Dynamic typing is all about run time type information. It checks the validity of various operation at run time, where it can know for sure whether a given operation makes sense. This has a number of advantages:
Dynamic types will never reject correct programs. And if they are sound (most are), invalid operations will error out instead of triggering some scary undefined behaviour. No need to work around anything here.
Run time type information can be inspected, used, and dispatched over at run time. Some type systems can do that as well, by actually using dynamic typing. Sum types in ML are typical: they add a type tag that you can inspect at run time to deduce the actual type of the underlying data.
Dynamic typing is way easier to implement than a decent static type system. The concepts involved are simpler and more obvious to most programmers. Implementing a good static type system on the other hand requires some background knowledge in type theory, and needs a type checker.
Dynamic typing is more approachable than static typing. This might be important for beginners and non-programmers (who sometimes write code anyway).
Obvious disadvantages are the various overhead associated with run time checks, and the absence of the advantages of static typing. You need to be more disciplined about your documentation, you have to write more tests…
Lazy evaluation
Data often flows from a producer to a consumer. An obvious example is
Unix filters, such as grep
, which are both producers and
consumers. In our quest to increase modularity, we like to separate the
consumer and the producer: reading a file and producing a checksum from
its contents are 2 separate things, that should stay separate.
The obvious way is writing a procedure that reads the whole file and return a giant list of bytes. Then you sum over this list. Wait a minute… That is a huge waste of memory!
Indeed. So we have to resort to less obvious choices:
We could read and perform the sum in the same procedure. So much for modularity.
We could have the file reader take a callback as a parameter, that will be called each time a byte is read. The sum is then performed in the callback. But that’s cumbersome. First, the callback must maintain some non-local state, to remember its previous invocation. Second, control flow is dictated by the file reader. We don’t want to know about that, we just want to do a sum!

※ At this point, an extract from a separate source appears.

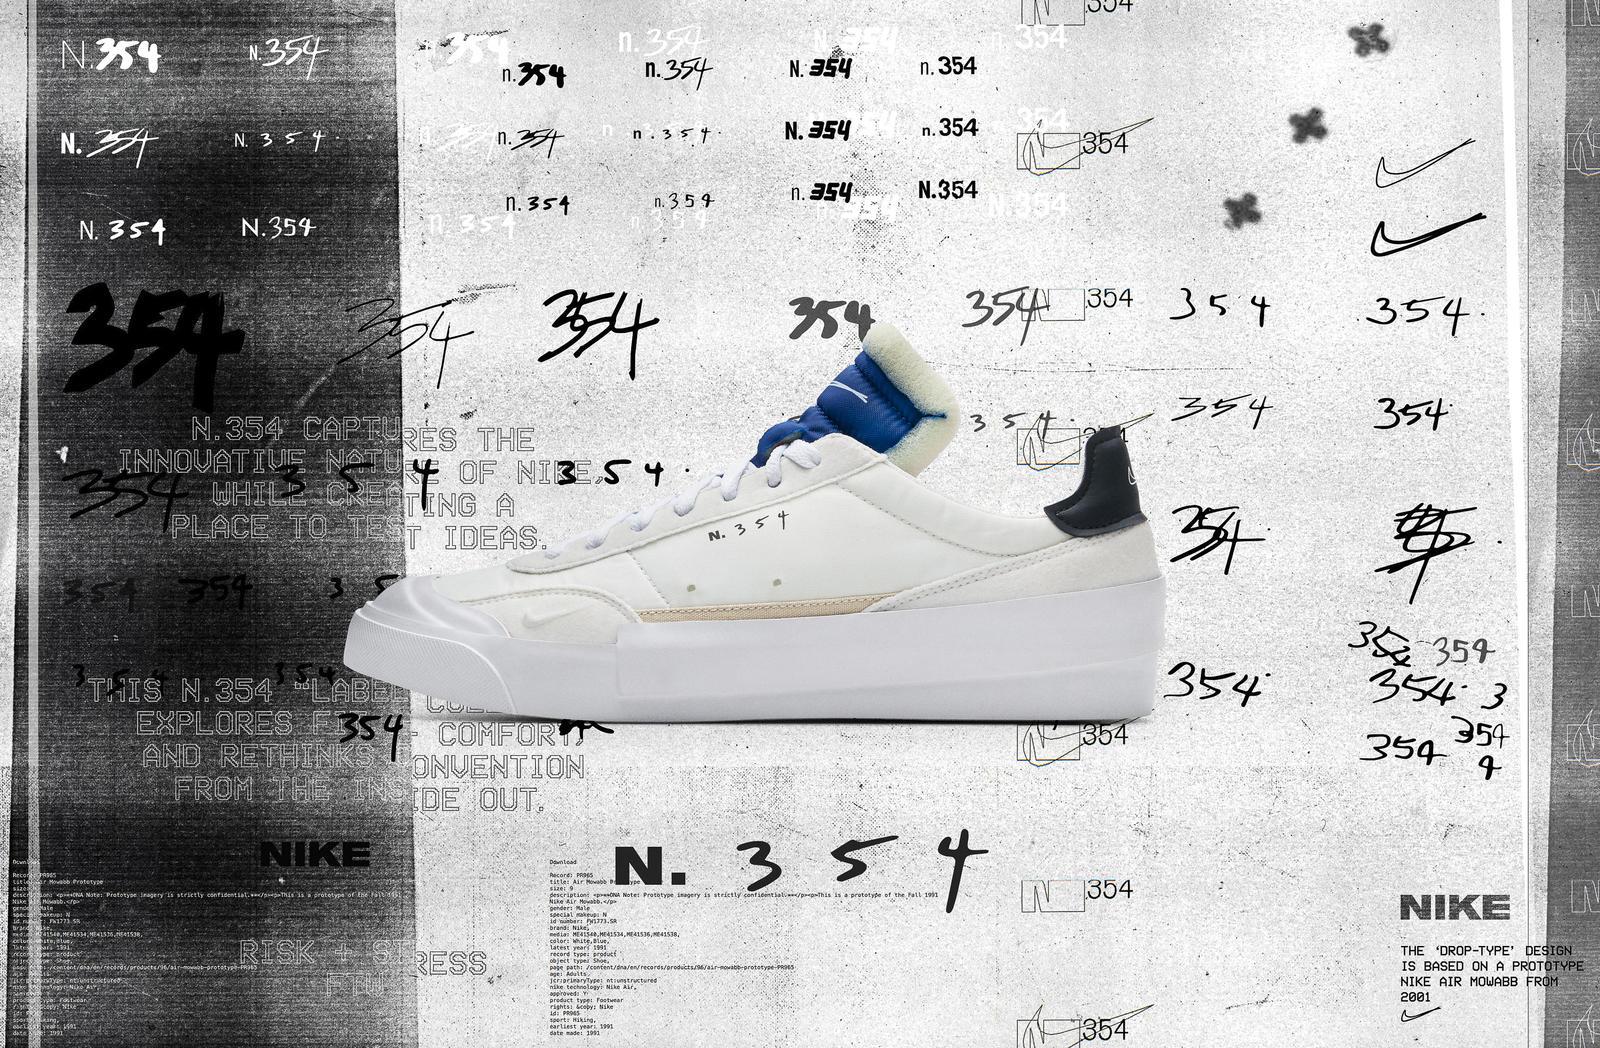 NikeNews_NSW_N.354_native_1600.jpg

We could have the file reader read bytes one by one when requested. This gives us a better control flow, but we still leak mutable state from the file reader.

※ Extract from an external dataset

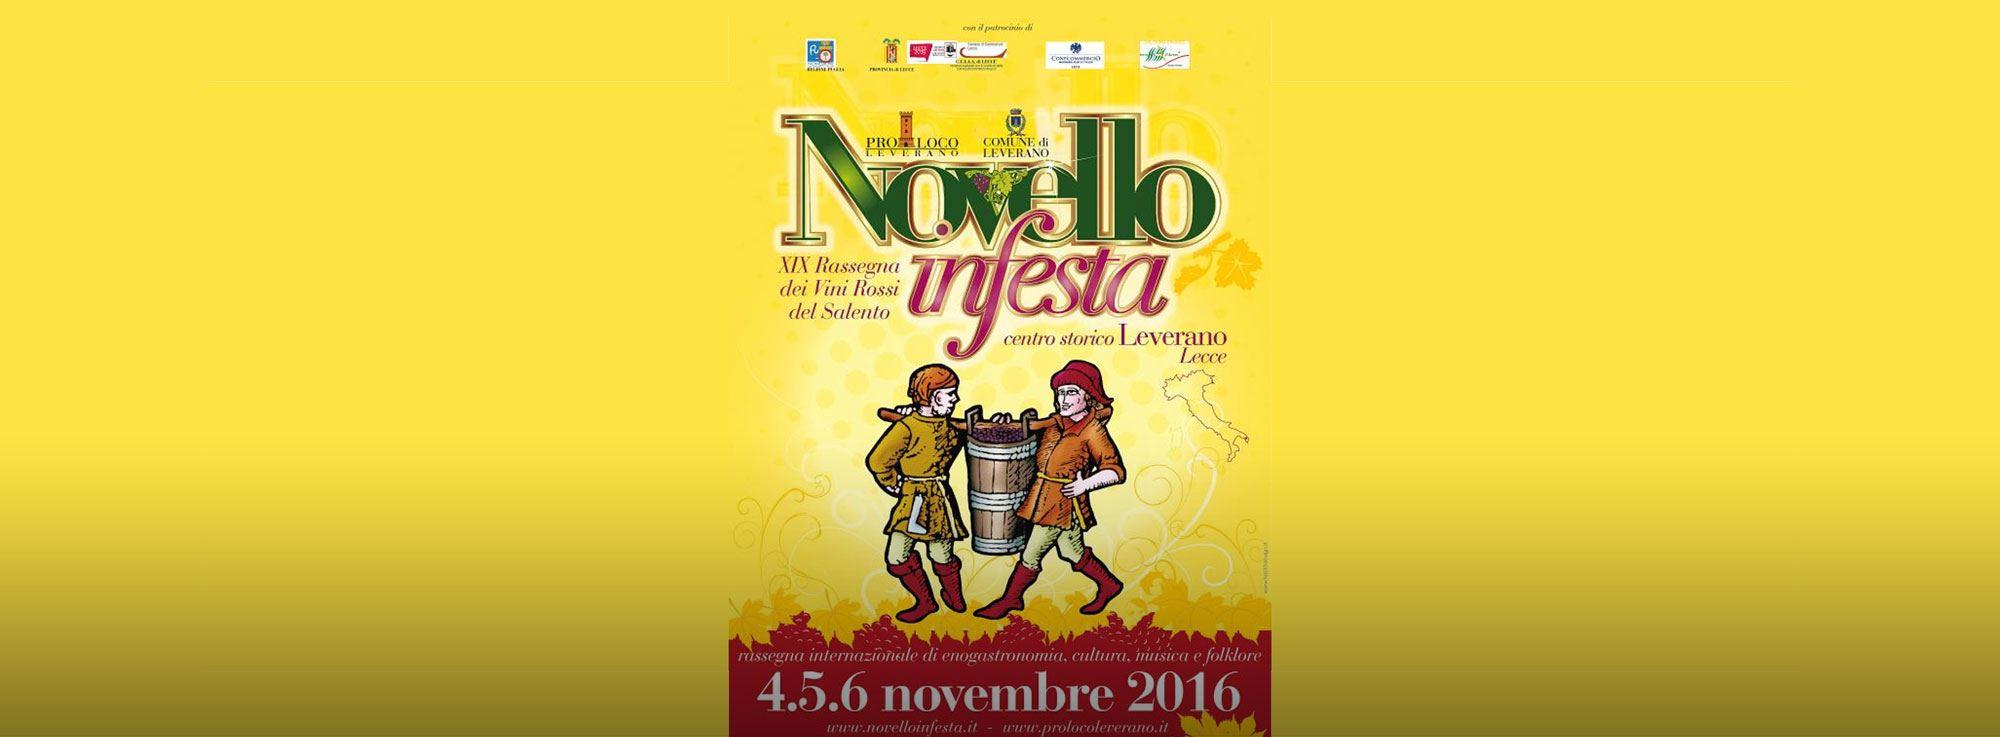 Leverano: Novello in Festa 2016

The cleanest solution is lazy evaluation. Instead of producing an ordinary list, you produce a lazy list. To consume the list, you just look at its elements, which will auto-magically be conjured into existence.
Producing the list is a bit more complicated. Instead of directly giving it the values it will hold, you give it a closure, that when evaluated, will yield that part of the list you need. (This is easier when your language has special support for lazy evaluation).
Of course, we don’t have to limit ourselves with lists. This can be generalised to all kinds of data. Quite a boon for modularity. You might even want to make it the default, as Haskell does. The consequences are quite far reaching however, and I won’t cover them. Instead, I recommend you take a look at John Hughes’s famous paper, Why Functional Programming Matters.